Primary Care

Physician preference plays a large role in scheduling patient return visits

Patient health status does not necessarily determine how physicians time followup visits, which can range from 1 week to over 1 year. Instead, a recent study supported by the Agency for Health Care Policy and Research (HS07350) indicates that revisit intervals are consistently long for some physicians and consistently short for others. Even after accounting for important patient characteristics and regardless of whether the visit was routine or required a change in management, physicians' mean revisit intervals in this study varied five-fold.

The most common revisit intervals were 12 and 16 weeks. Patients rated in fair or poor health had an average revisit interval of 7 weeks, while patients in excellent or good health had an average interval of 13 weeks. Fair or poor mental health was associated with a 4-week shorter revisit interval, as was fair or poor medical stability. The revisit interval for nonroutine visits was about 9 weeks shorter than for routine visits. Similarly, the interval for visits when there was a change in management was about 9 weeks shorter than for visits without such a change.

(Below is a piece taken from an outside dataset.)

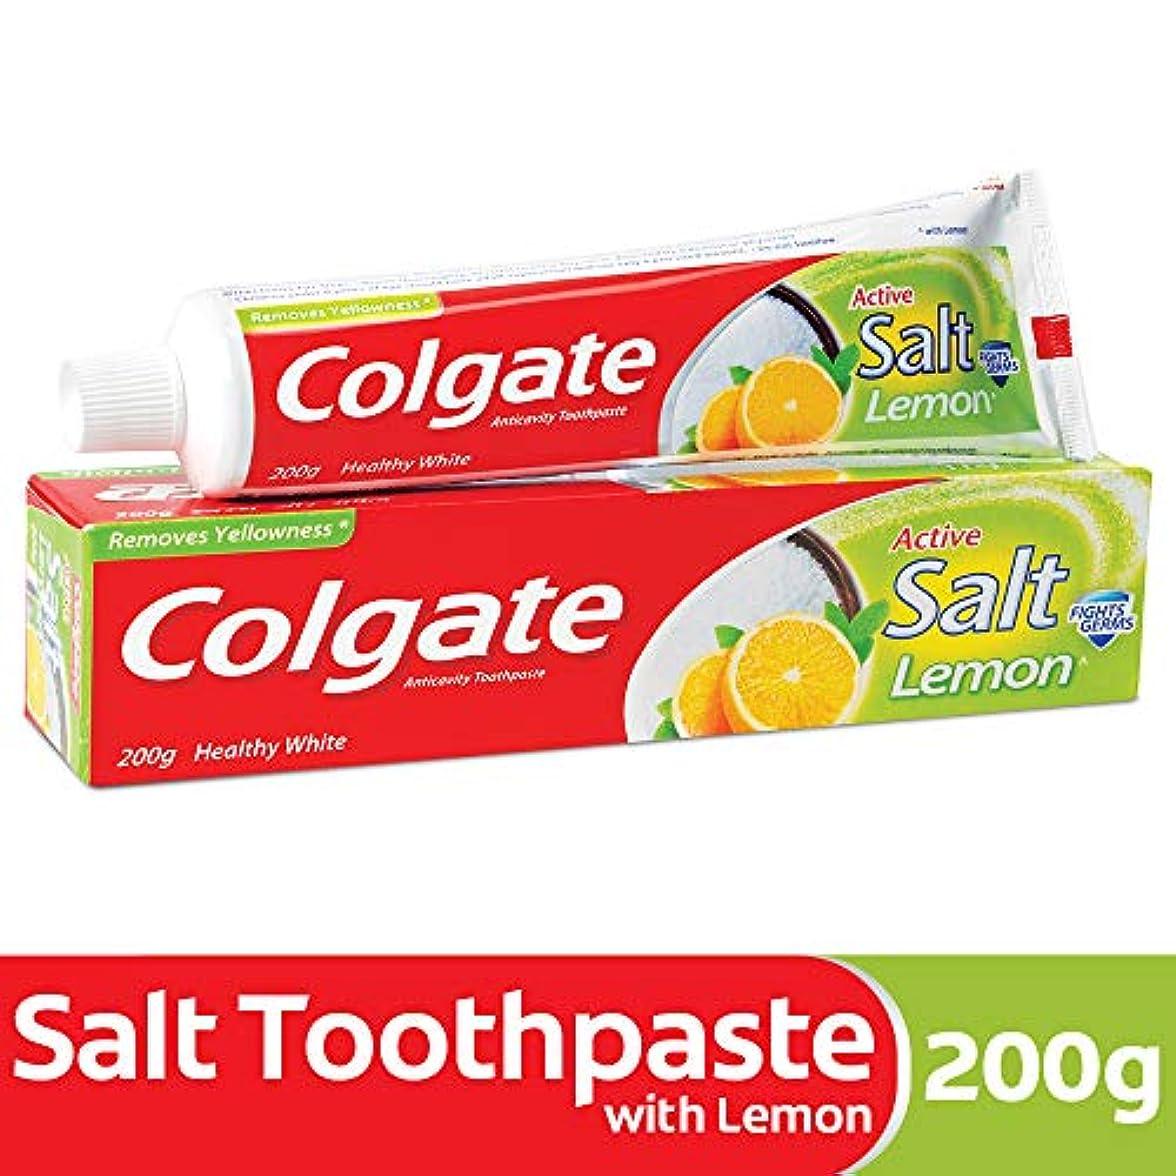 入浴マント摩擦Colgate Toothpaste Active Salt - 200 g (Salt and Lemon)

Physicians tend to schedule return visits sooner for sicker patients and also when there is a change in management of a patient's condition—for example, starting or changing medication or the ordering of a diagnostic test. Yet some physicians always tend to schedule shorter followup intervals, and others tend to schedule longer followup visit intervals within that range, explains John H. Wasson, M.D., of Dartmouth Medical School. The researchers surveyed 11 primary care physicians in the Dartmouth Primary Care Cooperative Research Network at the end of visits with 164 patients with hypertension, angina, diabetes, or musculoskeletal pain.

For more details see, "Setting the revisit interval in primary care," by Lisa M. Schwartz, M.D., M.S., Steven Woloshin, M.D., M.S., Dr. Wasson, and others, in the April 1999 Journal of General Internal Medicine 14, pp. 230-235.